Модное словечко «антиутопия», пригодившееся когда-то, чтобы переварить Замятина и Оруэлла, ухнуло в «котлован» Платонова, не объяснив ничего. Как только в повести хотели видеть одну лишь сатиру, гротеск, один лишь «крах утопии» — из нее улетучивался всякий смысл. Страшен был не сам «крах», а какая-то жуткая неизбежность происходящего. Даже в самых кошмарных страницах «Бесов» Достоевского теплилась надежда: в них не было ощущения неизбежности аннигиляции душ. «Котлованный» же мир был обречен, как и мир был обречен на «котлованность». Черная дыра всасывала все человеческое, которое оказалось ей абсолютно чуждо. Человеческий мир выпадал из «вещества существования» как случайность, казус, выверт природы.
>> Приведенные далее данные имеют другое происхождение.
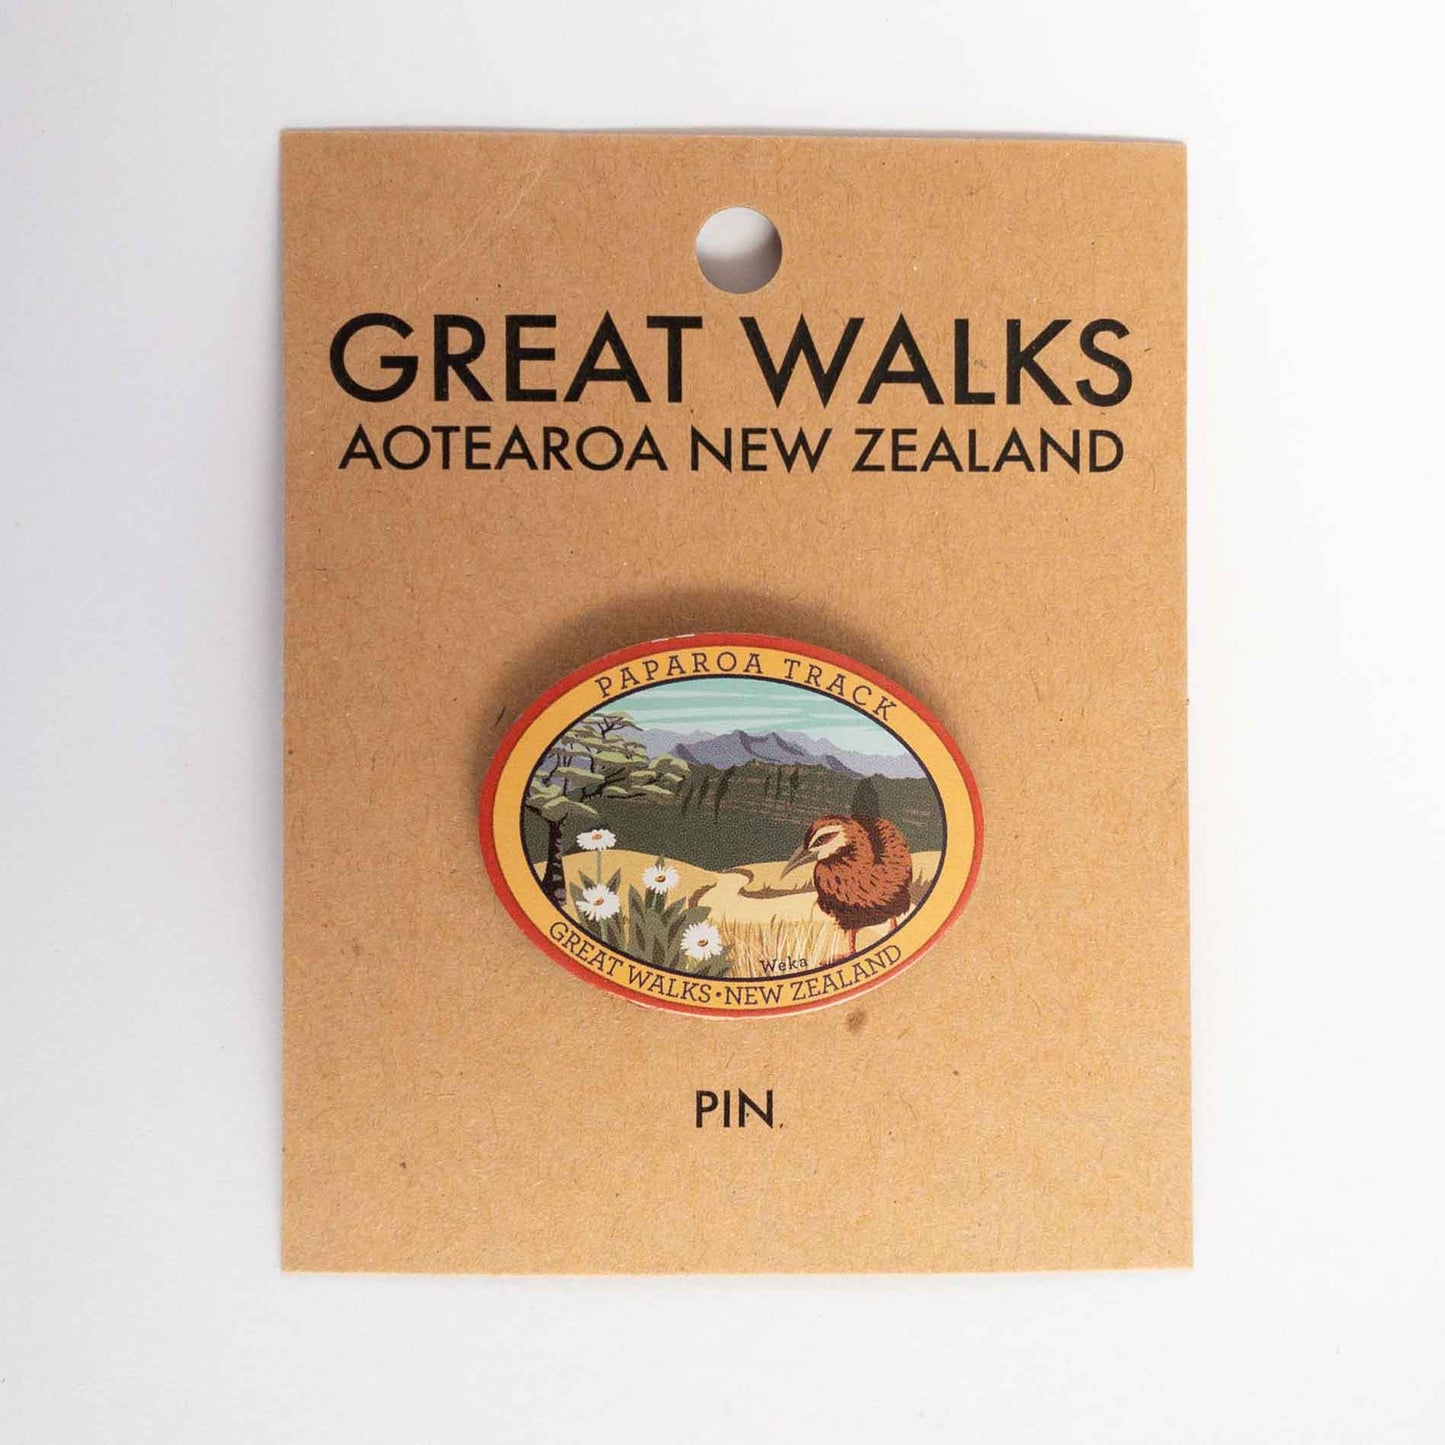 Oval Milford Track pin, with a whio/blue duck, blue peak and mountain buttercup, on brown kraft backing card.
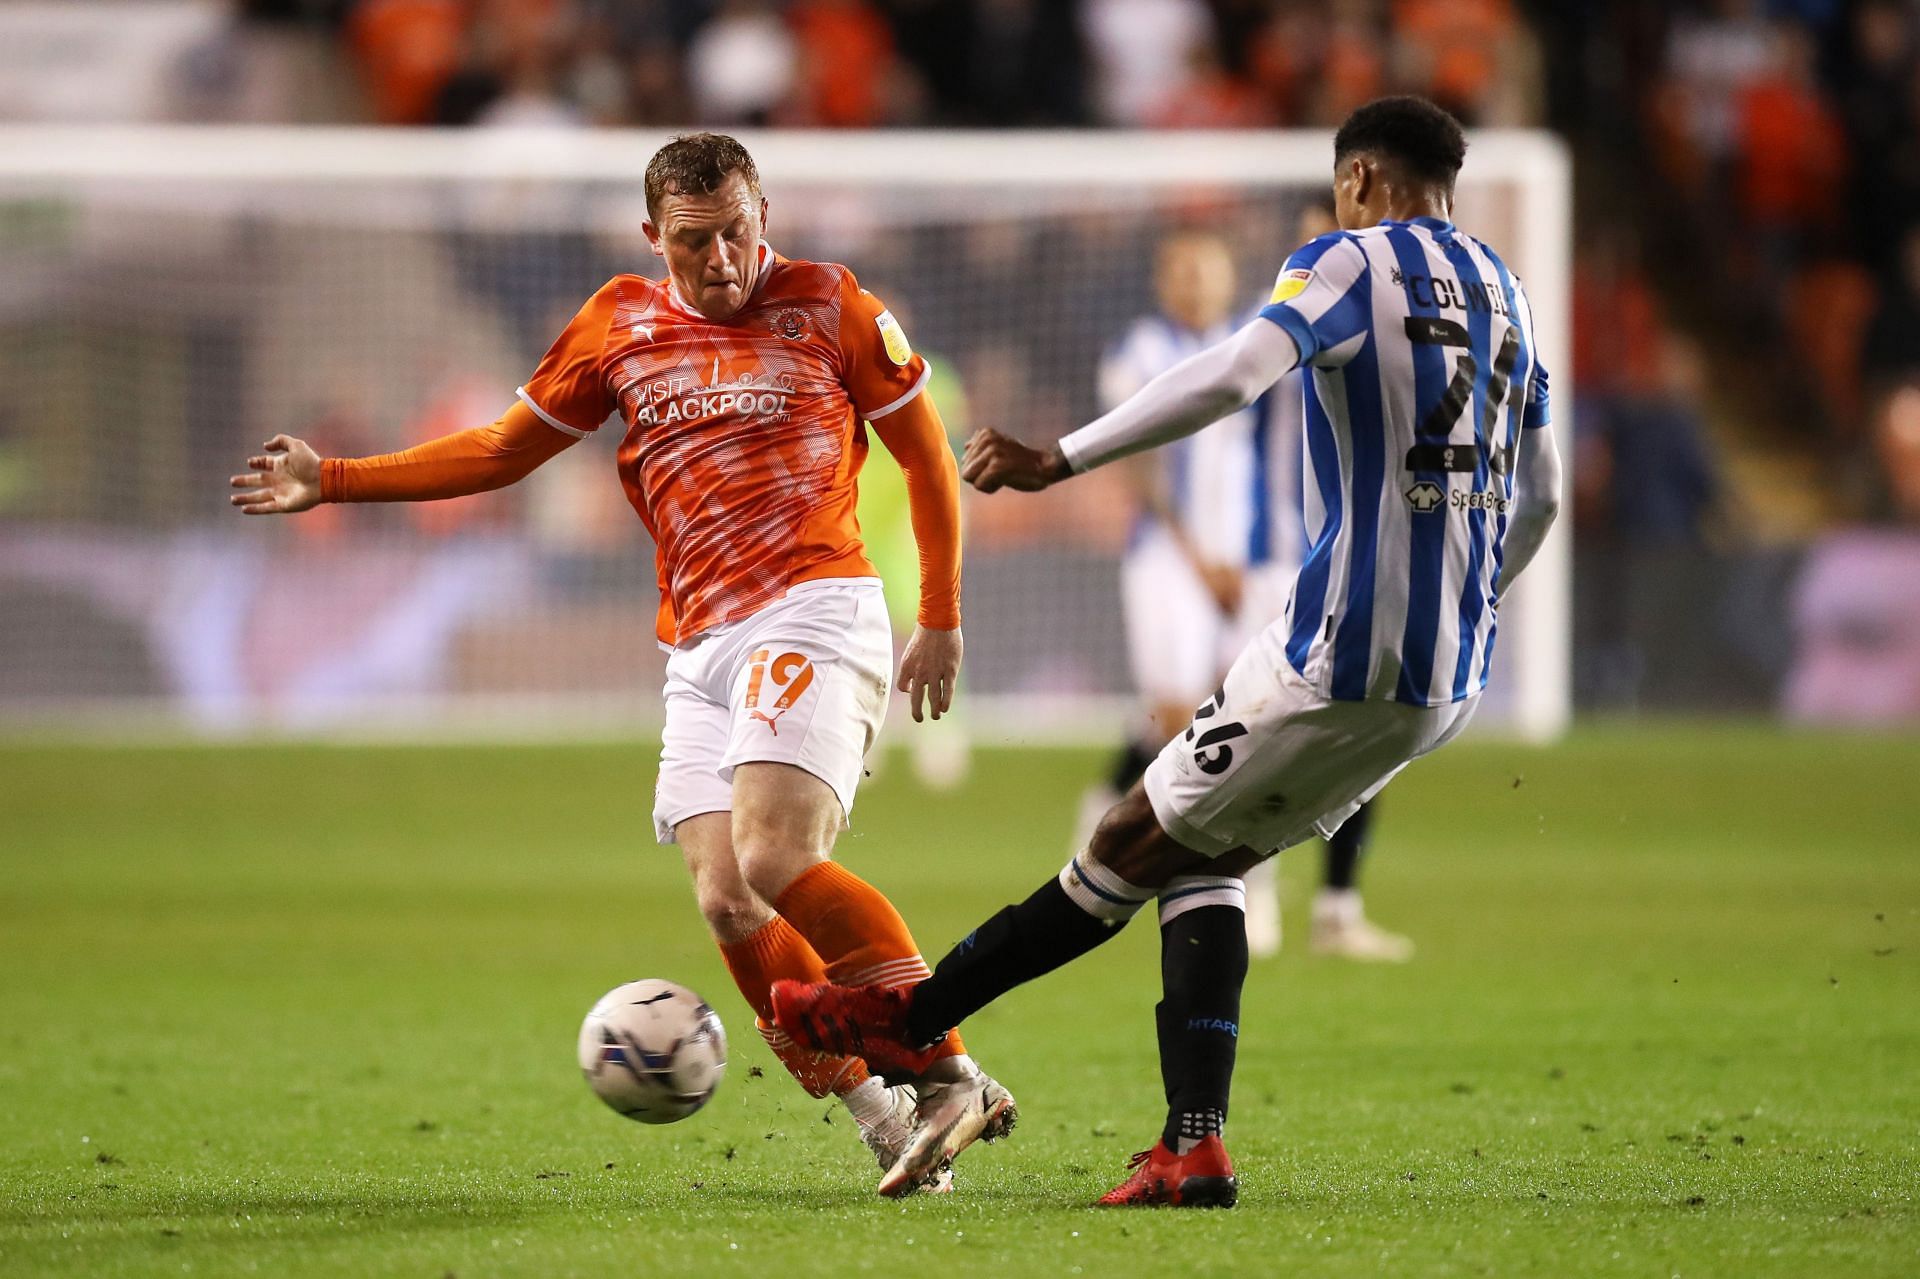 Lavery will be a huge miss for Blackpool

«Котлован», «Чевенгур», «Ювенильное море» — это был мир, в котором настоящим пониманием действительности не владеет ни один человек, но зато есть и тоска по этому пониманию, тоска не только у платоновских людей «с идеями», но почти в каждом, даже в Чиклине с его «маленькой каменистой головой». Разумность, целесообразность — где-то вне, где-то над людьми; они действуют, подчиняясь внешней рациональной силе, и это приводит к полной иррациональности происходящего.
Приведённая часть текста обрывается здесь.